March 14, 2020

State’s COVID-19 testing capacity gets boost from private lab

U.S. Centers for Disease Control and Prevention

The state’s testing capacity for COVID-19, a type of coronavirus, has expanded now that the private company TriCore Reference Laboratories is joining the effort. The governor’s office announced the expanded capacity Thursday afternoon.

Gov. Michelle Lujan Grisham said the state has the capacity for testing 2,400 individuals for COVID-19 during a Wednesday press conference. With TriCore on board, the state now has more capacity to test individuals for the virus, though it’s unclear how many tests this has added to the state’s capacity.

TriCore is now performing molecular diagnostic tests of respiratory specimens for COVID-19 virus. Those tests have been provided under the FDA Emergency Use Authorization. 

Michael W. Edwards, Ph.D., HCLD (ABB), director for the DOH’s Scientific Laboratory Division, said the two labs have been working together for weeks to establish TriCore’s testing capabilities.

“We are excited for Tricore to begin COVID-19 testing,” Edwards said in a statement. “The capacity to test in New Mexico is significantly increased to meet future demand with Tricore testing.”

New Mexico DOH spokesperson David Morgan told NM Political Report in an email that the state’s testing capabilities for COVID-19 is “continuing to develop daily, and frankly increase,” but did not offer an updated number of tests available.

Some clarity on the testing kit confusion

Confusion over the availability of testing kits in the United States — and an early blunder involving faulty tests — has fueled concerns from the public that the federal Centers for Disease Control and Prevention has mishandled its response to the pandemic.

The first batch of testing kits distributed by the CDC to state health departments earlier this year were faulty. Morgan said New Mexico received the faulty test kits but did not use any to test for COVID-19.
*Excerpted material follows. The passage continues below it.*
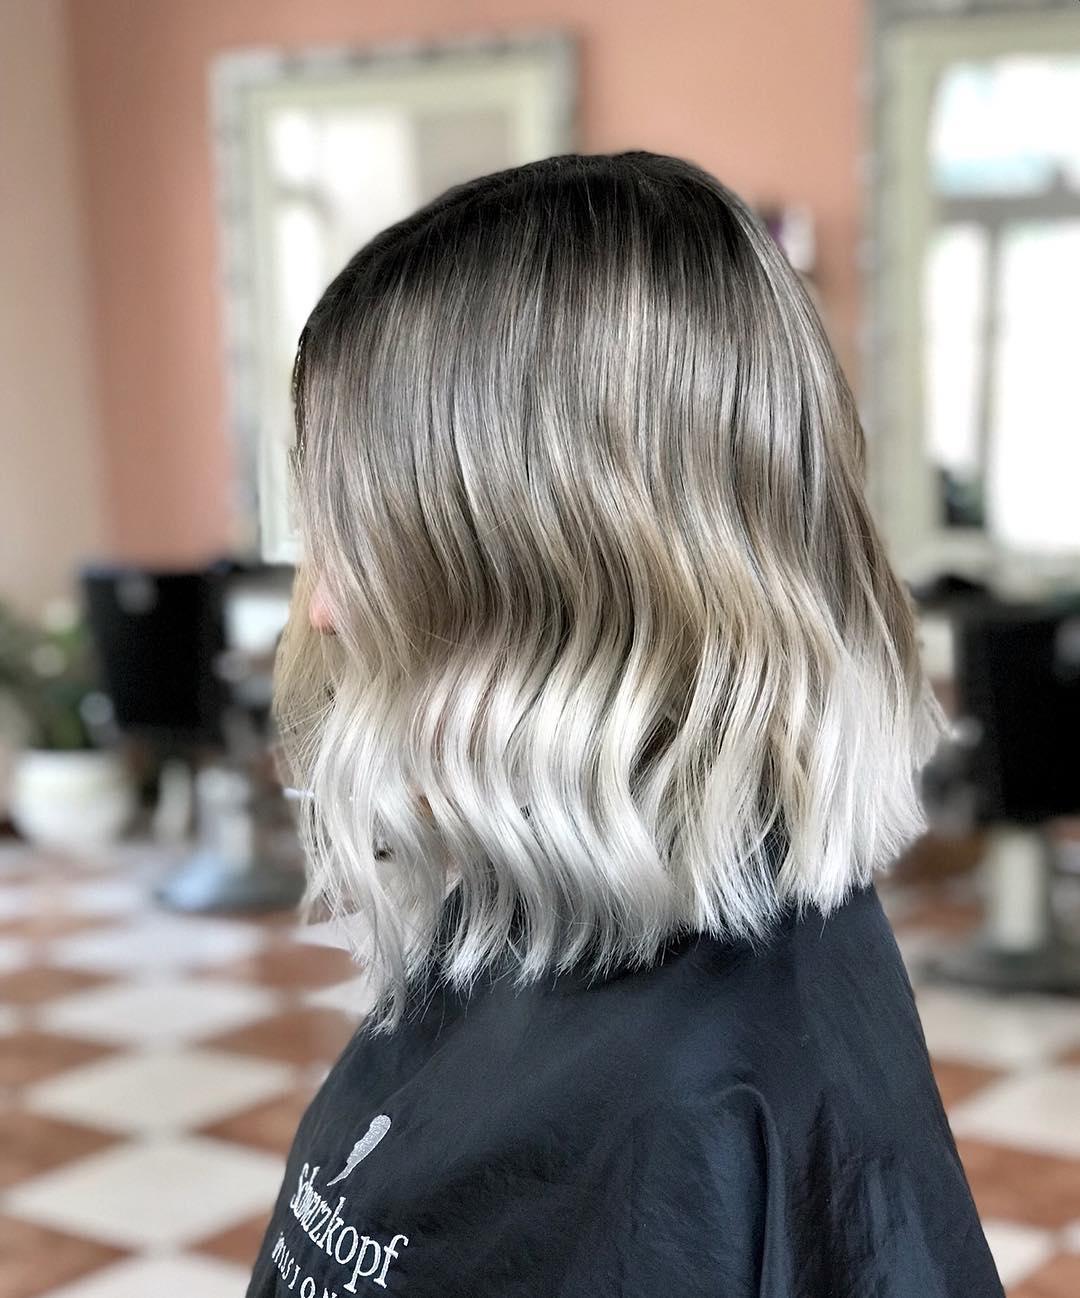 Updated 40 Dark Roots Blonde Hair Ideas August 2020

“There were issues with one of the components. Once changes were made by CDC and FDA, we were able to run the test successfully,” Morgan said.

Currently, there is only one effective and federally-approved test that can detect the presence of COVID-19. That test is manufactured by IDT, an Iowa-based biotechnology firm that was the first to receive CDC emergency use authorization. The CDC provides those tests to state health departments, while IDT has been providing tests to other clinical labs “directly,” Morgan said.

“As the pandemic evolves, it’s likely more companies [will] develop tests and bring them to market,” he said.

At least three other organizations have now received CDC authorization for manufacturing test kits for COVID-19.

Testing criteria evolving

Initially, the CDC set criteria for COVID-19 tests that limited recipients to individuals in the U.S. who were experiencing symptoms of the virus and who had traveled to specific areas in the past two weeks. But the state’s current criteria is a bit more broad.

“People with respiratory infection symptoms are being tested. Patients do not need a history of travel or contact with a confirmed case of COVID-19 to be approved for testing,” Morgan said. He added that individuals with fever and cough and/or shortness of breath, and who have traveled to countries designated as Level 3 or Level 2 on the Travel Health Notice by the CDC, and those who have been in contact with confirmed cases, are the highest priority for testing.

All COVID-19 testing in New Mexico is conducted at the DOH Scientific Laboratory, located in Albuquerque. Morgan said that any physician within the state can request testing, and will ship specimens to the Albuquerque lab.

Protocol requires the state to conduct its own testing, and then send the samples to the CDC for confirmation. Samples from the state that test positive are reported as “presumptive positive” until the CDC can confirm the result. But Morgan said the state’s test and the CDC test are the same.

“The specimens are sent to CDC as part of the original FDA authorization,” Morgan said. “As more testing data becomes available, we anticipate that this requirement will eventually be lifted.”